How will you be engaging with our community and partners in your role?

With sincere gratitude and humility, I am able to work with our foundation and corporate partners to funnel resources to recruit, cultivate, and sustain the leaders in our city who put students first. I identify and encourage a broad and diverse network of donors to join our movement for educational equity. I write grant proposals and reports, manage our state funding, and generally help partner with our programming teams to ensure our leaders have what they need to support students and thrive.

Share an experience from the corps that continues to resonate today.

“My cousin got shot and killed by the police, how come no one protested for him?” My student Aisha, who lives on the Far Eastside of Indianapolis, asked me this question during the Trayvon Martin protests that helped catalyze the Black Lives Matter movement. In that moment I felt both shock and shared pain. Her question elucidates acute, essential realities we must face in pursuit of educational equity and reminds me that we must continue to expand the “we” served by our political, economic, and civic structures.

Claire Jagla, Manager of Events and Stewardship

Why does this work matter to you? 

When I reflect on my own education, diversity and inclusion in my grade school classrooms played an integral role in my development as a world citizen who enjoys meeting new people with cultures and backgrounds different from mine. This not only became my most valuable life skill but informs all choices I make personally and professional. 

My mom remembers a conversation we had when I was in first grade and sat next to Joshua, a student with special needs. She said, “Claire, you know Joshua is different, right?” I argued with her until I finally conceded that Josh was different – just like everybody else. This early acceptance of someone with special needs, fostered by a classroom teacher, led me to become a special education teacher as a member of TFA. Later, as an arts administrator, I fought to develop programming that reached all students, regardless of ability or background. 

At TFA, I am able to work with a large network of people who make education more inclusive and our schools more diverse.

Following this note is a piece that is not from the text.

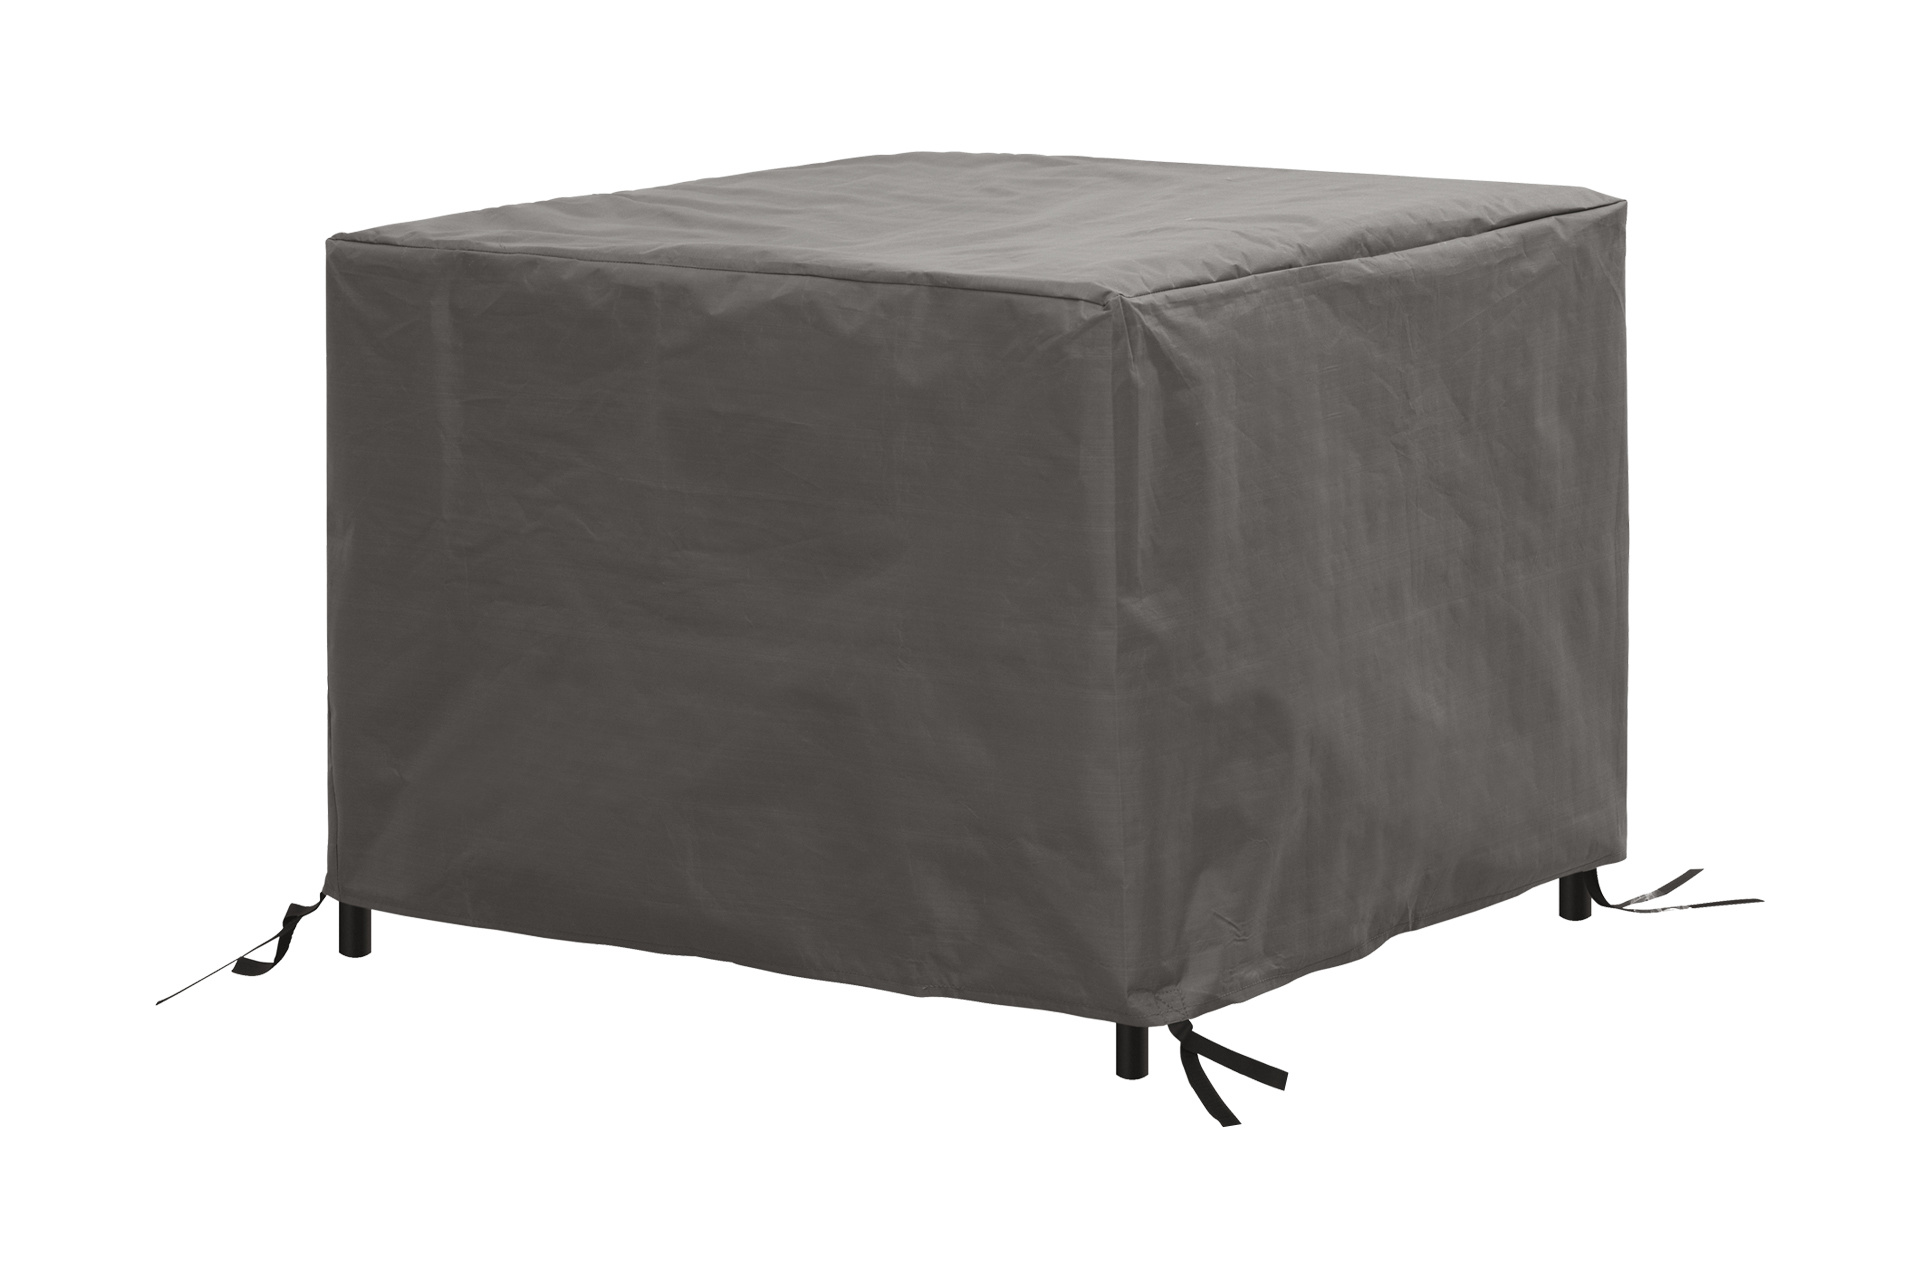 grond schipper Lounge Hoes loungestoel - Outdoor Covers - 95x95x70 cm. - Tuinsethoeskopen.nl

Especially as our world becomes more interconnected, I believe diversity and inclusion are key in shaping our educational landscape into one in which all students will not only be able to lead lives that are of their own choosing but also live in harmony and work in collaboration with their peers.

How will you be engaging with our community and partners in your role?

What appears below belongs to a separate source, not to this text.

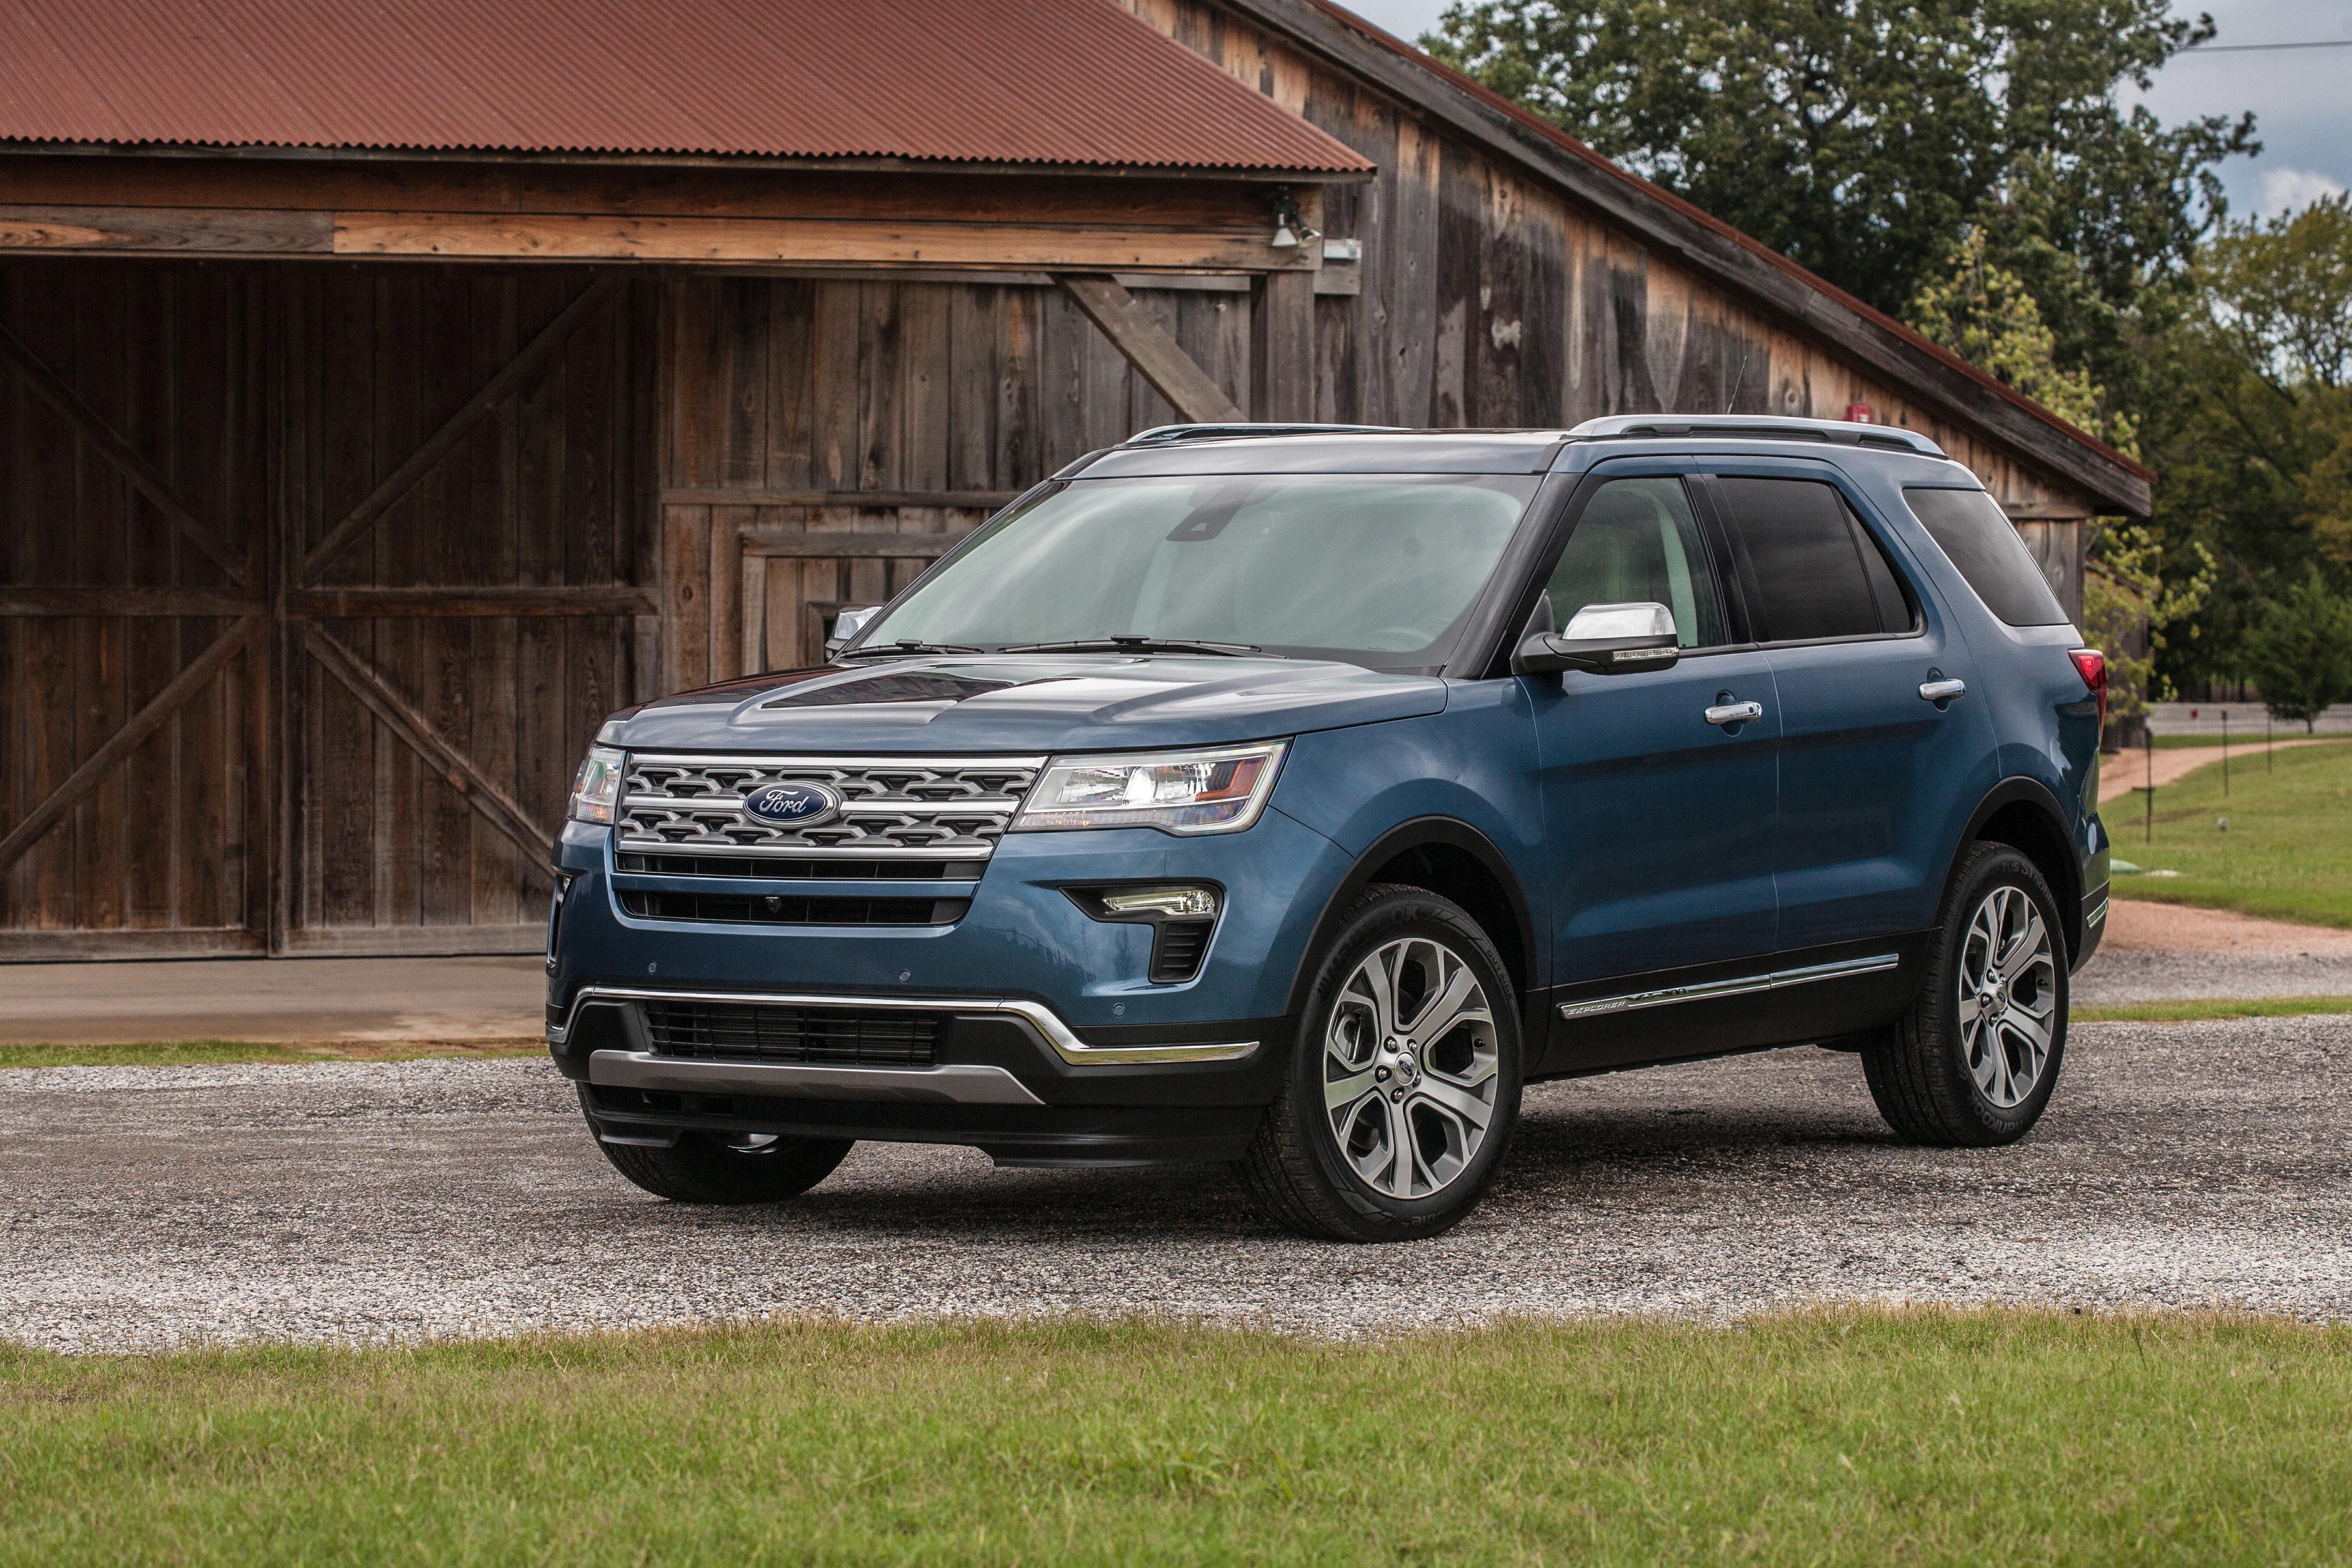 Limited 2019. Ford Explorer 2019. Джип Форд эксплорер 2019. Форд эксплорер Лимитед 2019. Джип Форд эксплорер 2017.

I will build opportunities for our supporters to engage with and invest in our corps members and alumni. I hope to deepen our community’s commitment to TFA’s mission and strategy through highlighting the powerful impact that TFA corps members and alumni make on Indianapolis’s education landscape. 

Share an experience from the corps that continues to resonate today. 

As a 2012 Dallas corps member, I was struck by the generosity of the people of Dallas and their personal investment in the future of education in their city. I served as a founding teaching at a charter school that is supported by a family foundation. I knew the family members by name because they consistently attended school functions and field trips to make sure students had the resources they needed. Their personal investment in our work at the school allowed me to leverage my own talents: the family foundation funded my arts and culture club, through which I introduced my students to Dallas’s colorful arts scene. My experience in Dallas taught me that personal engagement in investments can maximize positive results in a community.

The spirit of generosity and its power to transform a city also resonates here in Indianapolis. The investment by Hoosiers in our educational landscape led me back to my home state to join the community of alumni building a more vibrant and just city.